─── Data block ───

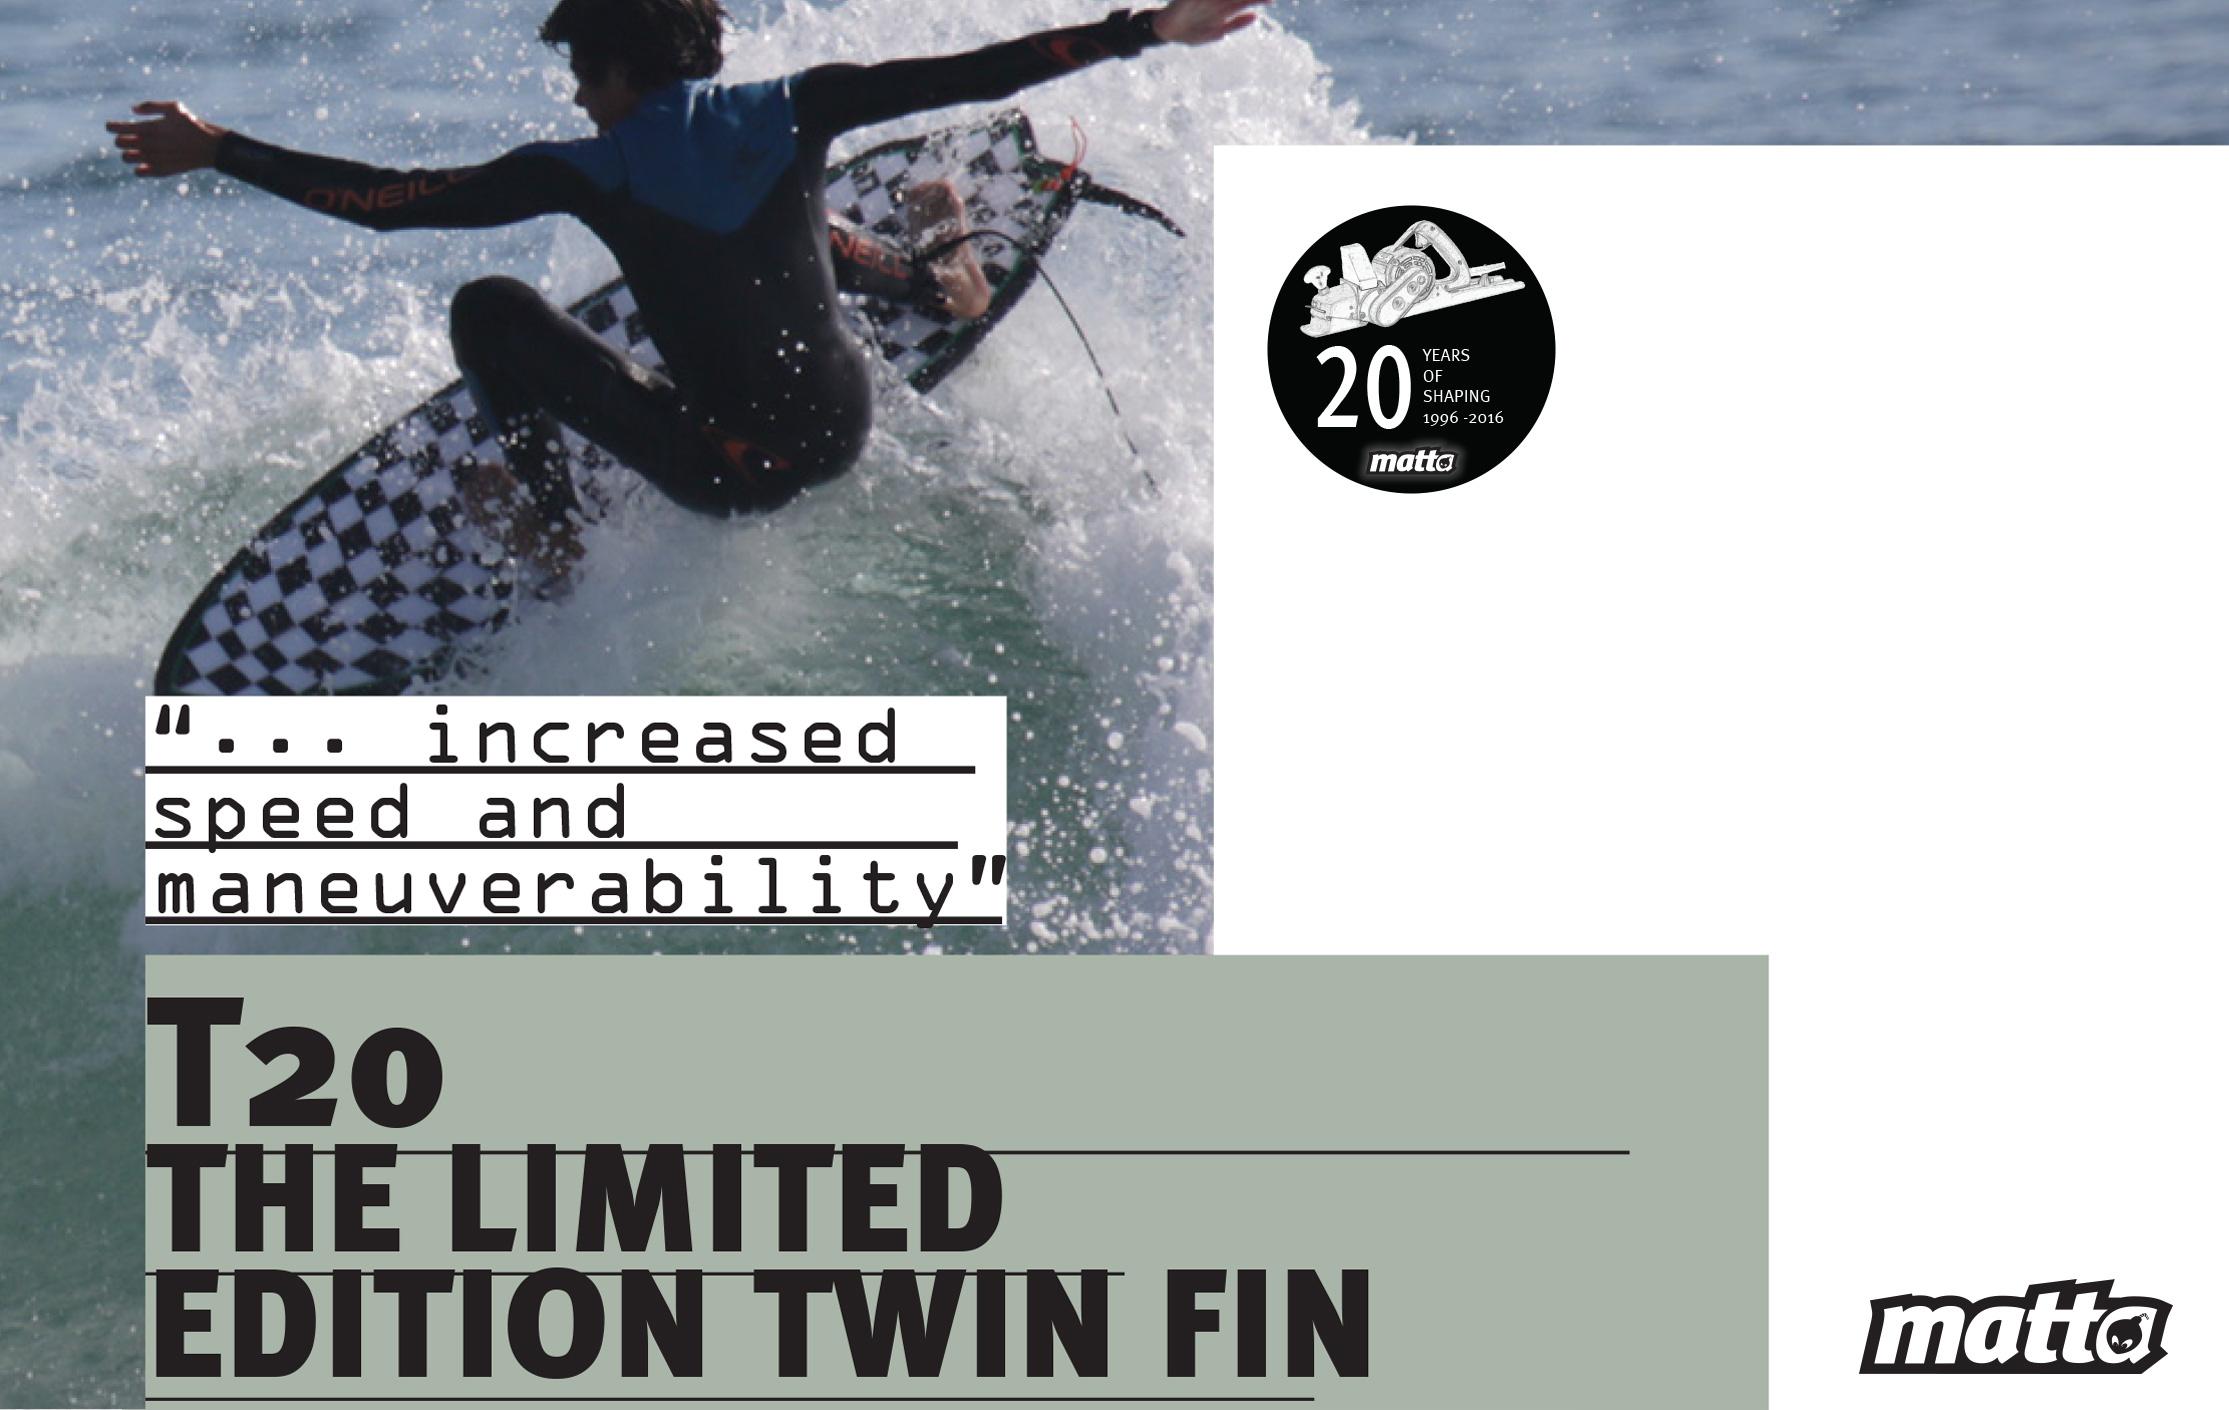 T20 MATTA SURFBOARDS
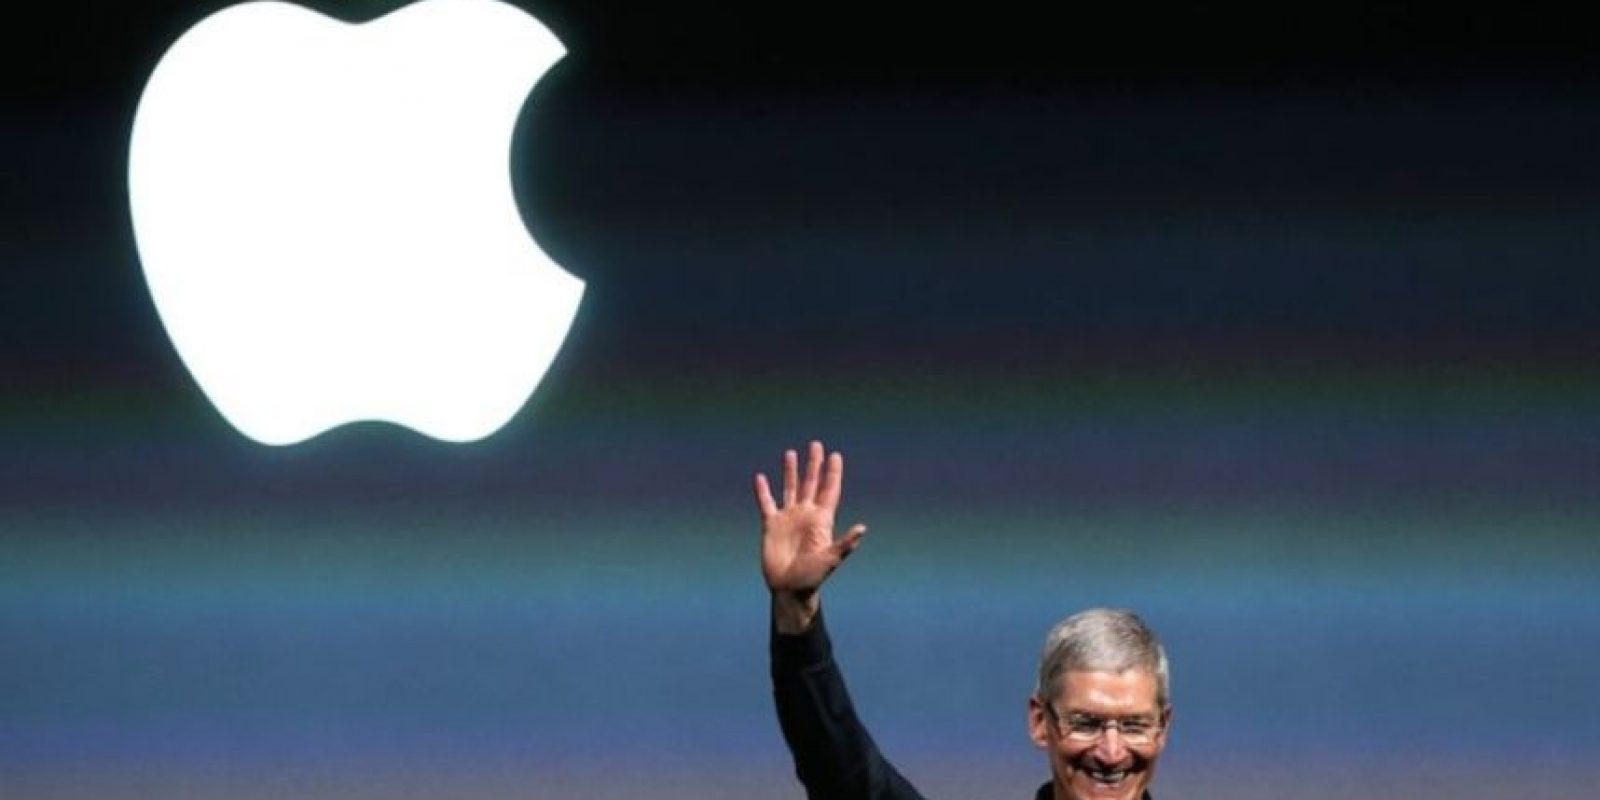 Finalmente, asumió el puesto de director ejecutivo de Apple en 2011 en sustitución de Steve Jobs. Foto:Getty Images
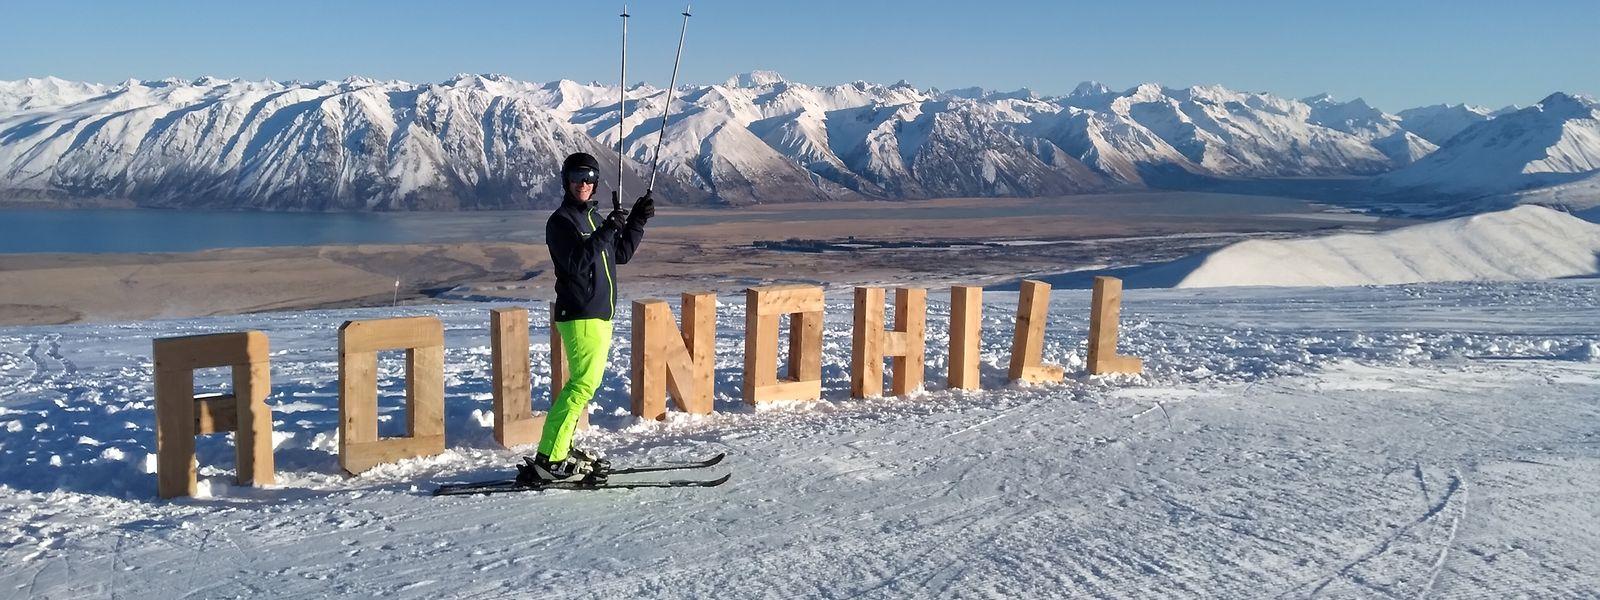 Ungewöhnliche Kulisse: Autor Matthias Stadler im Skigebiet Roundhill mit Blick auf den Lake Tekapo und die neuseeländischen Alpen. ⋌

───

All of the material goes into the answer exactly as it stands, except for the pictures.

 T20 MATTA SURFBOARDS
 Finalmente, asumió el puesto de director ejecutivo de Apple en 2011 en sustitución de Steve Jobs. Foto:Getty Images
 Ungewöhnliche Kulisse: Autor Matthias Stadler im Skigebiet Roundhill mit Blick auf den Lake Tekapo und die neuseeländischen Alpen. ⋌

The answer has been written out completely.